Special stains may be indicated in some cases. Gram stain may be useful for confirmation and identification of categories of bacteria. India ink or new methylene blue preparations have been reported to be helpful in identification of fungal infections, especially cryptococcosis. Periodic acid-Schiff stain may be used to demonstrate positive intracellular material in dogs with globoid cell leukodystrophy. Luxol fast blue can be used to demonstrate myelin in CSF specimens (Mesher et al., 1996).

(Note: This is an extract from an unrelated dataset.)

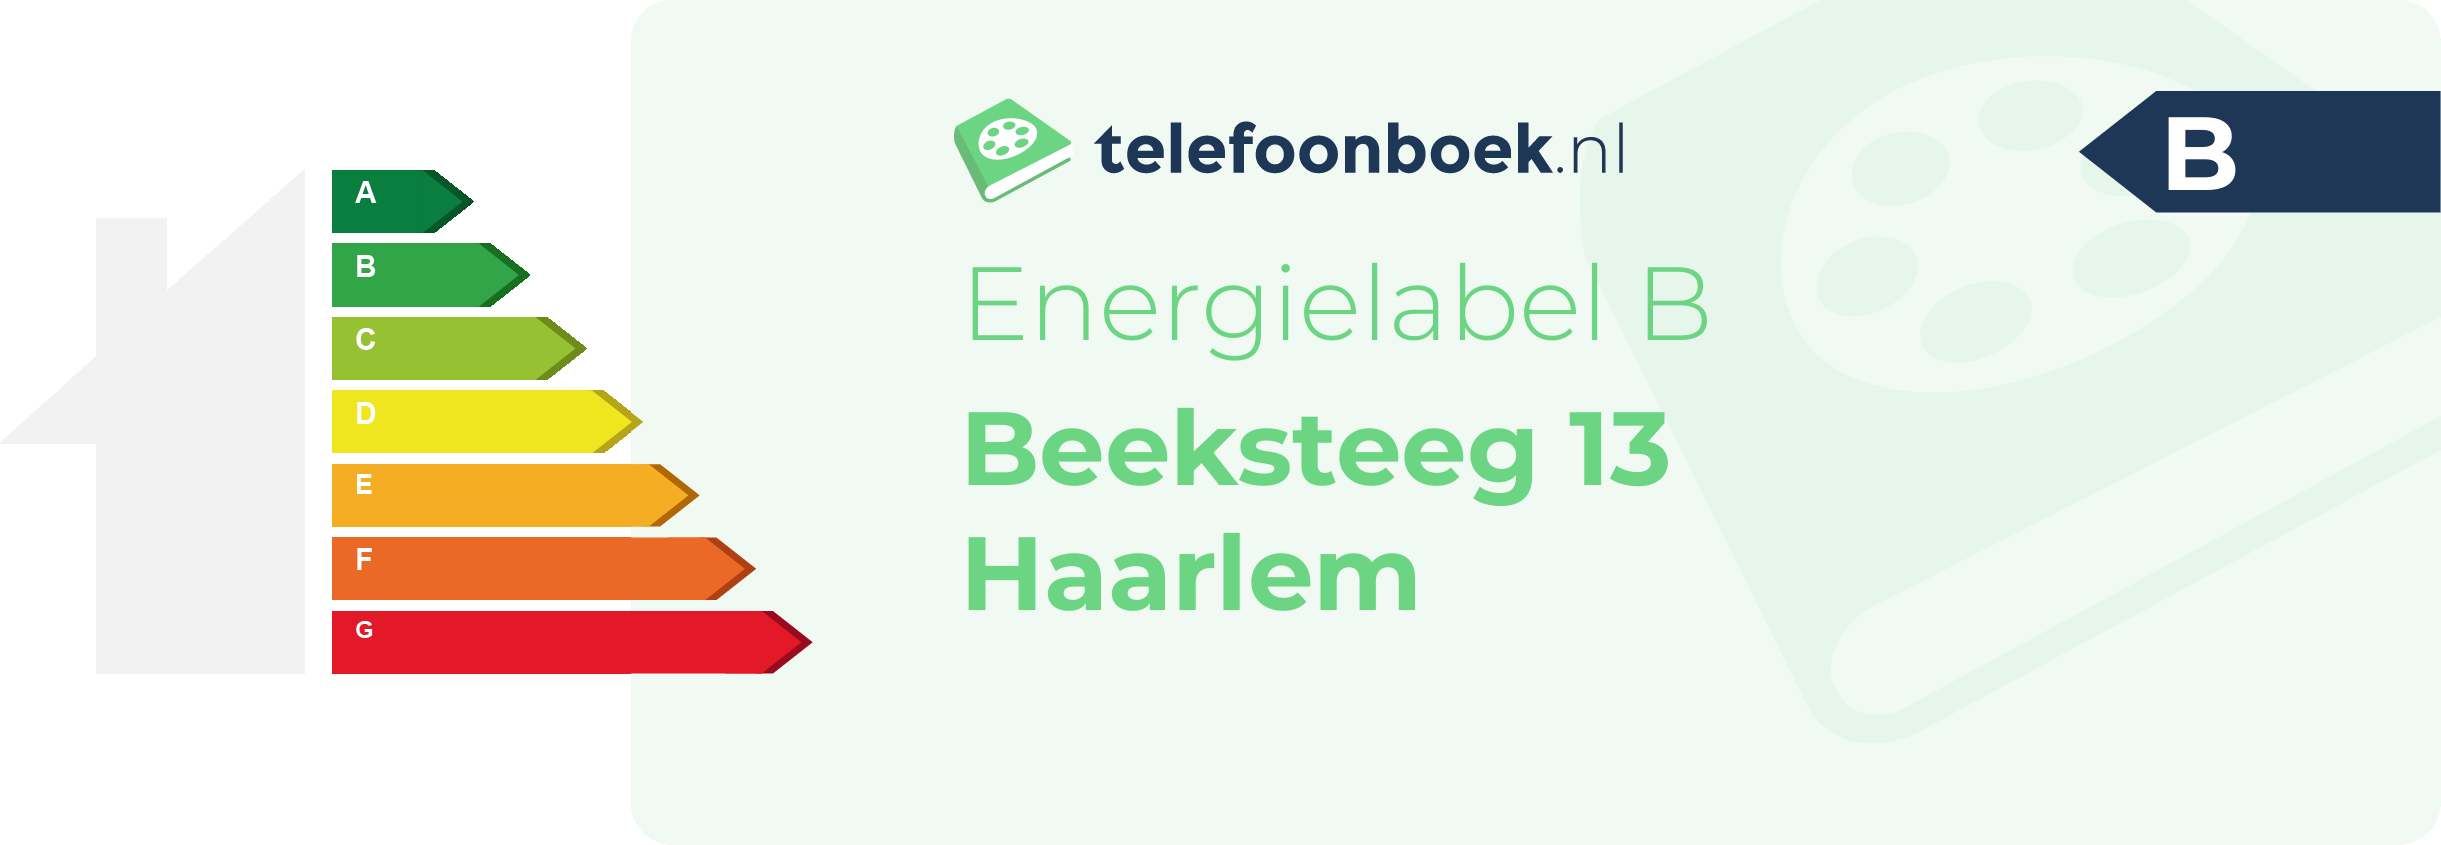 Energielabel Beeksteeg 13 Haarlem

Cytologic Features of Normal CSF

Normal CSF from healthy dogs and cats contains primarily mononuclear cells (Fig. 14-3) and is indicated to be a mixture of lymphocytes and large mononuclear (monocytoid) cells. The percentages of lymphocytes and monocytoid cells may vary with the method used for cytologic preparations, but lymphocytes are reported to be the predominant nucleated cell type in normal canine and feline CSF. However, Parent and Rand (1994) report monocytoid cells as the predominant type in normal CSF from healthy cats. They indicate monocytoid cells compose 69% to 100% of the nucleated cells, lymphocytes 0% to 27%, neutrophils 0% to 9% macrophages 0% to 3%, and eosinophils 0% to less than 1% of nucleated cells. Occasional neutrophils or eosinophils as within normal limits may be present as long as these cell types do not represent more than 10% or 1% of the nucleated cells, respectively. Low numbers of mature, nondegenerate neutrophils are occasionally seen in normal CSF from healthy dogs and cats and that rare eosinophils may be present. Occasional choroid plexus cells, ependymal cells, meningeal lining cells, or mitotic figures may be seen in normal CSF from dogs or cats (Chrisman, 1992; Rand, 1995).

FIGURE 14-3 Cell types found in CSF. Dog. Two small mononuclear cells (lymphocytes), one large mononuclear (monocytoid) at (arrow), one nondegenerate neutrophil, and one erythrocyte are present. (Wright-Giemsa; HP oil.)